** Opening Provided material block **

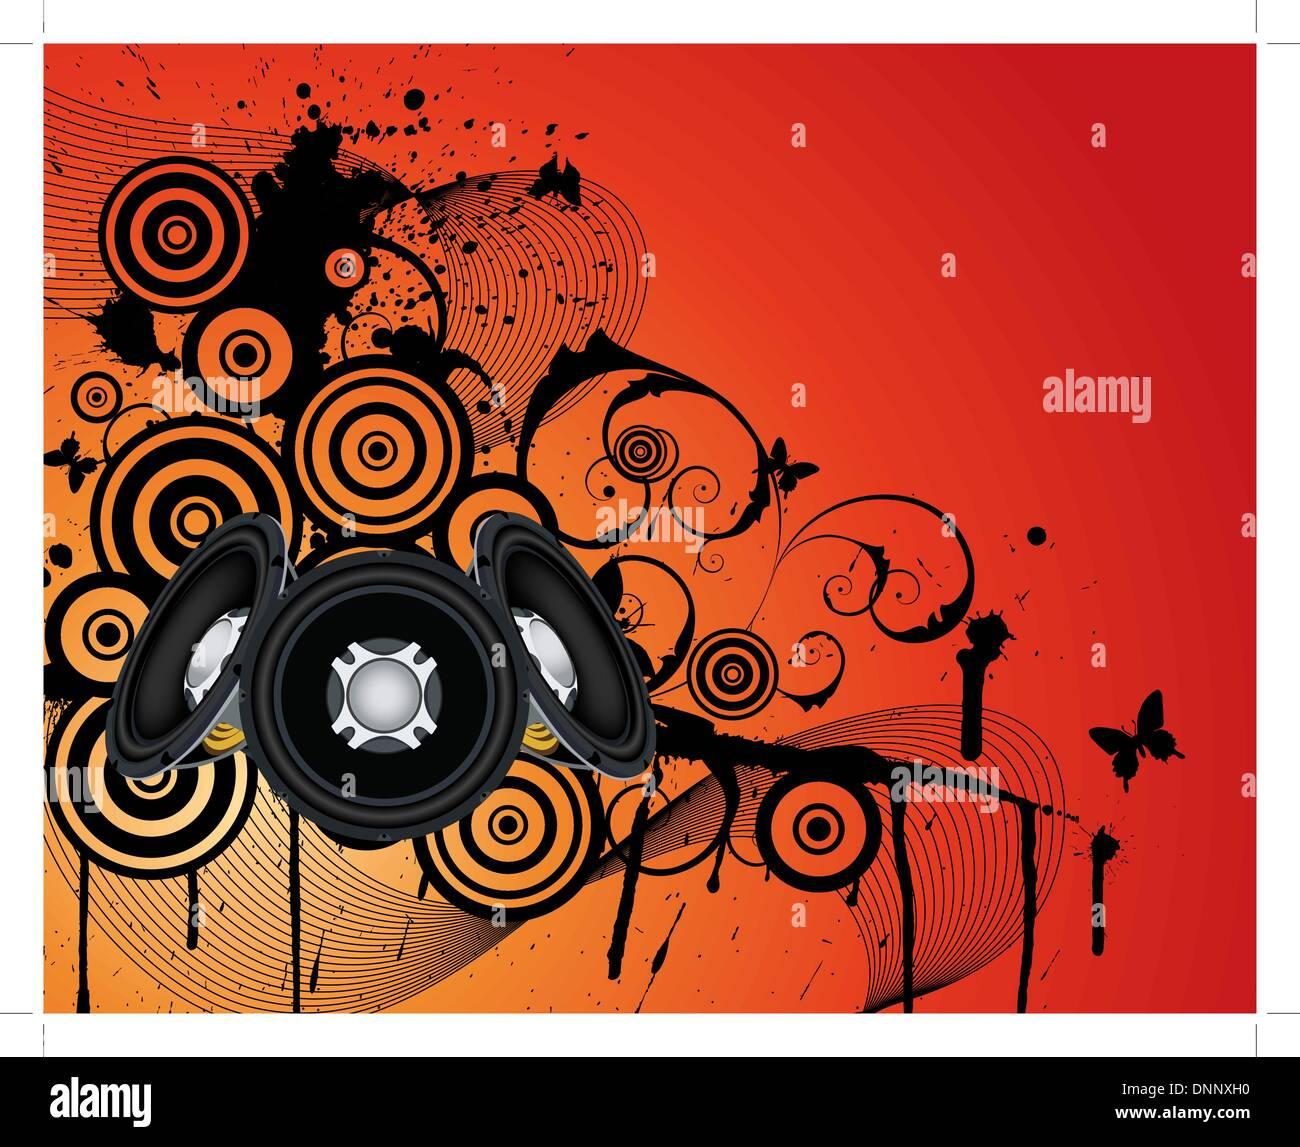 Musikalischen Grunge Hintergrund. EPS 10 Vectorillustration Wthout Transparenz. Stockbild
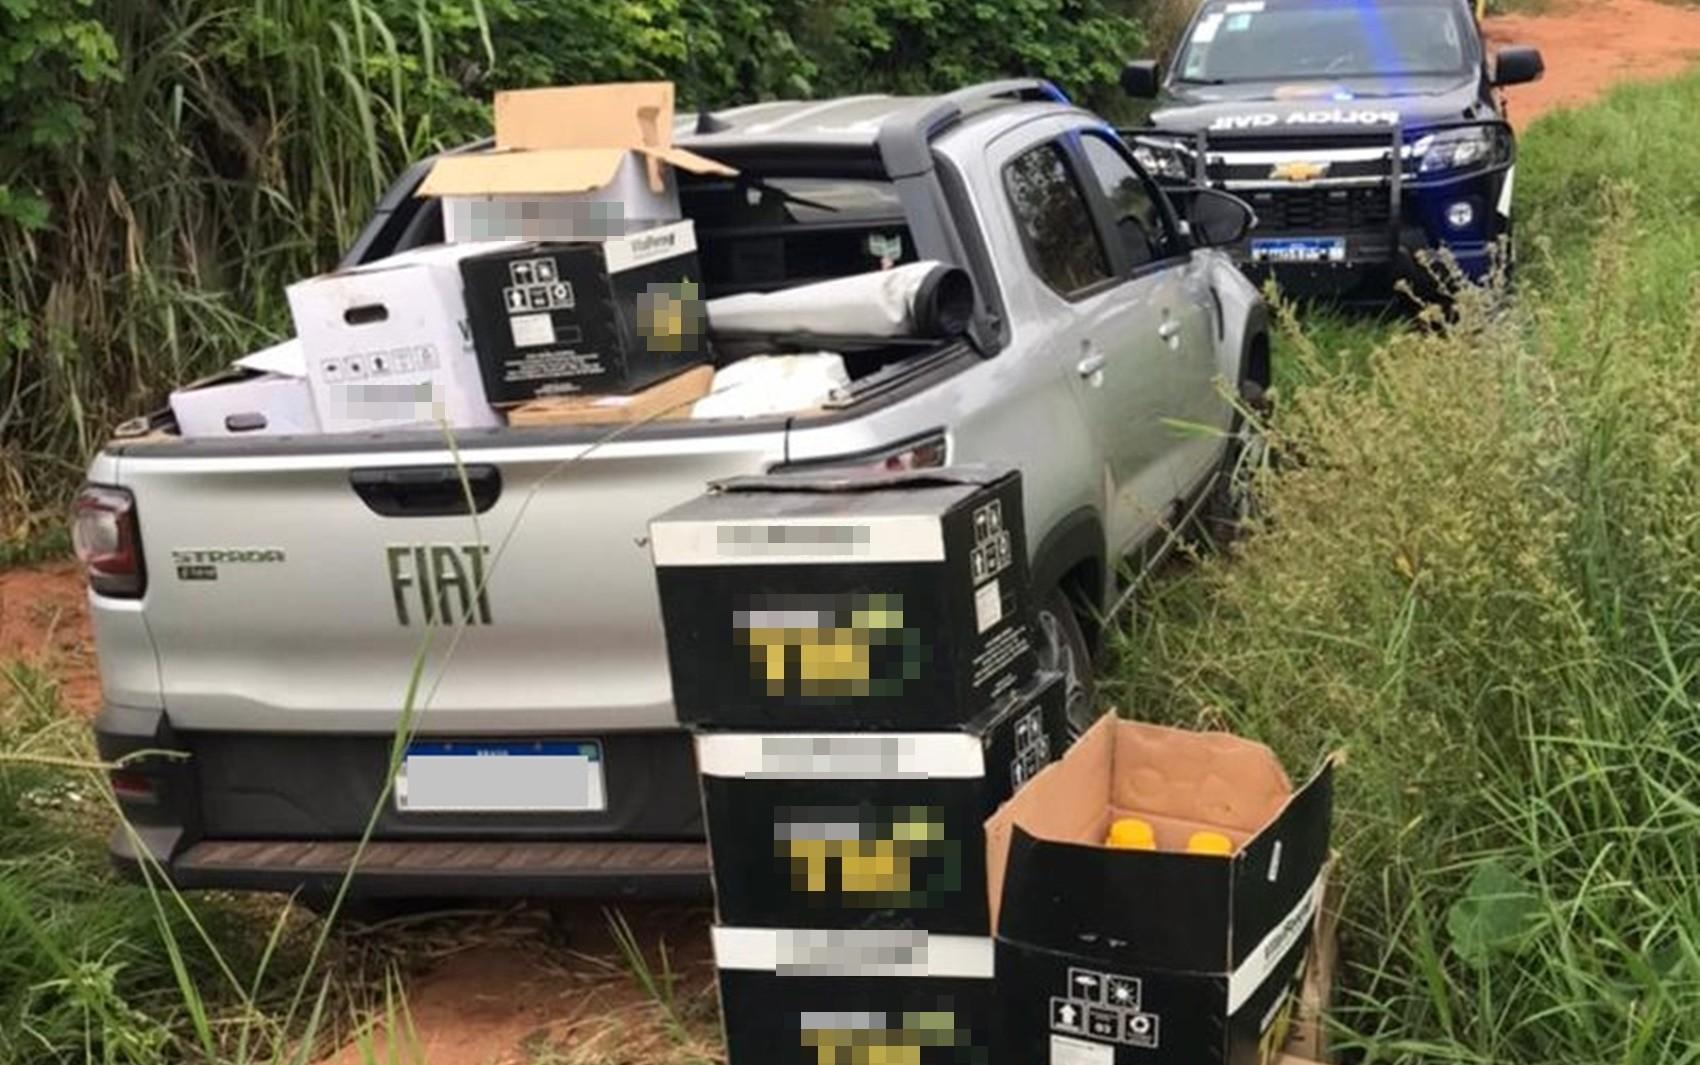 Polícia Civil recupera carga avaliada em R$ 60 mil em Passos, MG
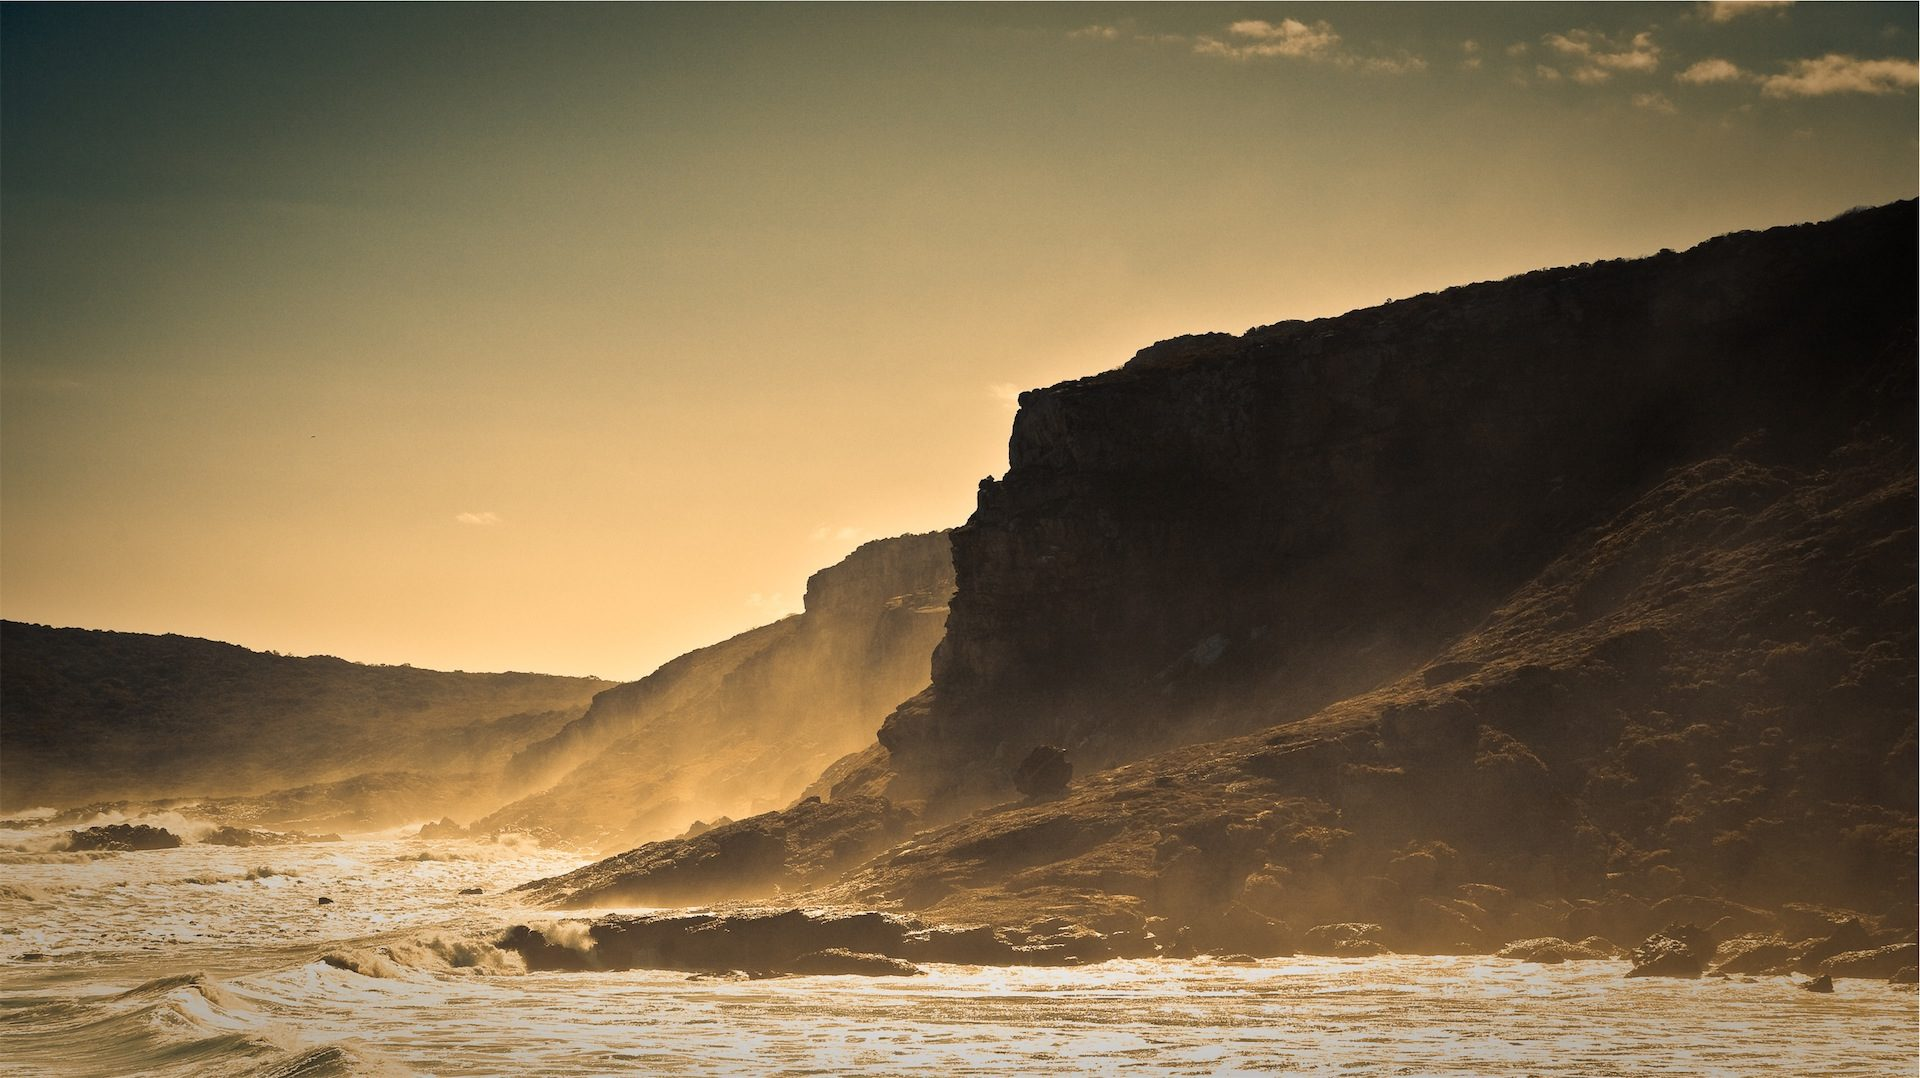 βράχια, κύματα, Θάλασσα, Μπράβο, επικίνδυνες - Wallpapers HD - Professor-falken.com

** Closing Provided material block **

Without including any images, output the data exactly as given.

 Musikalischen Grunge Hintergrund. EPS 10 Vectorillustration Wthout Transparenz. Stockbild
 Polícia Civil recupera carga avaliada em R$ 60 mil em Passos, MG
 βράχια, κύματα, Θάλασσα, Μπράβο, επικίνδυνες - Wallpapers HD - Professor-falken.com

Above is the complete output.